C'est pourquoi aujourd'hui, le Maroc est à la croisée des chemins. Comme il a rétabli sa balance des paiements, son problème c'est d'arriver à faire un saut qualitatif dans la développement. Et c'est pourquoi, je vous disais tout à l'heure d'entrée de jeu, que, vraiment, ma visite a eu pour objet de donner une nouvelle impulsion à la coopération franco-marocaine. Il faut qu'elle franchisse un saut qualitatif, et que ce soit sur la base d'un véritable partenariat. J'ai souvent reçu des ministres qui viennent me dire : donnez nous un petit coup de main pour franchir une mauvaise passe, ce n'est pas de cela qu'il s'agit maintenant.
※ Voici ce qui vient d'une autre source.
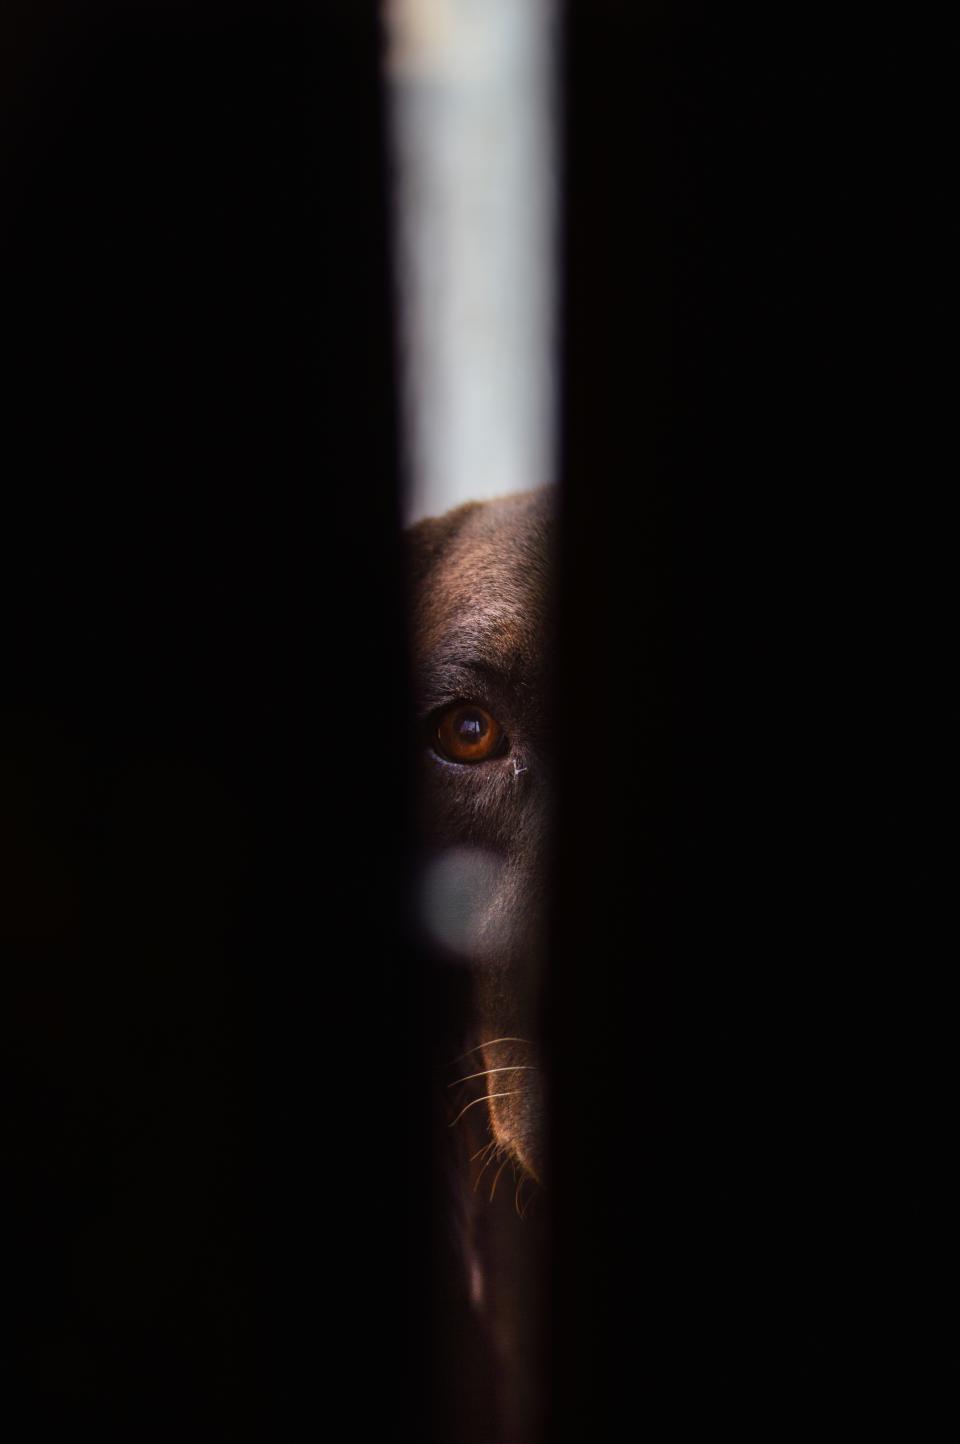 dark, black, dog, animal, pet, eye

Il s'agit de deux partenaires qui vont s'épauler mutuellement pour achever le développement du Maroc et de nos relations naturellement : la France a à y gagner aussi. Je souhaiterais que cela soit exemplaire pour les autres pays en développement et peut-être aussi pour d'autres pays industrialisés.

* INTERVIEW ACCORDEE PAR LE PREMIER MINISTRE A LA CHAÎNE DE RADIO "INTER"


QUESTION : M. le Premier ministre, lors de votre présentation du point de presse, vous avez souligné la signification de votre visite ici, au Maroc. Elle consiste donc à donner un nouvel élan aux échanges franco-marocains sur le plan économique, commercial, financier et politique. Je pense que vous aviez abrégé, que ce n'était pas du tout une omission de votre part, le culturel n'a sûrement pas été négligé dans vos entretiens avec vos partenaires marocains.

LE PREMIER MINISTRE.- Non, le culturel n'a pas été négligé, mais on ne peut pas tout dire. J'aurais pu parler culture, j'aurais pu parler éducation, j'aurais pu parler tourisme dans mes propos. Nous avons évoqué toutes ces questions.

Sur le plan culturel, la France fait un grand effort. C'est même je crois l'effort le plus important qui ait été accompli en termes financiers pour développer à la fois l'éducation et la culture de la langue française au Maroc. La France est d'ailleurs ouverte elle aussi à la culture marocaine et je crois que nous avons des projets d'intérêt commun à développer.

Mais se pose une question que je n'ai pas abordée volontairement et pourtant, je regrette, à l'instant où je vous parle, cette omission : c'est la présence de la langue française sur les écrans de télévision marocaine.

Il a été décidé qu'il y aurait une commission mixte franco-marocaine qui se mettrait en place pour essayer de voir sous quelle forme, nouvelle chaîne, chaîne cablée, TV 5, on peut en effet assurer une présence française culturelle plus importante au Maroc. Nous pouvons aussi faire des choses ensemble. Sur le plan radiophonique, entre les radios marocaines et françaises qui s'intéressent, disons, à la Méditerranée, il y a sans doute une collaboration plus poussée qui peut être établie. Une commission va être chargée de cela. Je demanderai à M. JEANNENEY et à Mme TASCA de venir prochainement au Maroc pour en parler avec leurs homologues.

Je crois très très important qu'on se comprenne bien. Le Roi du Maroc me disait que le français est ici une langue culturelle, comme la langue arabe l'est tout autant, et sans doute plus largement historiquement, s'entend. Soit donc que l'on développe le français au Maroc, mais que la France métropolitaine, elle, soit très attentive à la culture marocaine, à ce qu'elle peut nous apporter. Il faut que les échanges soient dans les deux sens.

QUESTION : Un dernier mot sur l'éducation, M. le Premier ministre, vous savez que la demande est de plus en plus forte en direction de l'enseignement français au Maroc, mais peut-être que l'offre ne suit pas. Qu'en pensez-vous ?

LE PREMIER MINISTRE.- Je vous ai dit que nous apportions beaucoup. Hier, je voyais la somme : 500 millions de francs ! c'est très important. Mais on peut peut-être aussi développer des fondations de caractère privé, avec des capitaux qui viendraient d'autres origines. C'est pour moi une préoccupation majeure, seulement le budget de la France n'est pas extensible, mais c'est en tout cas une priorité.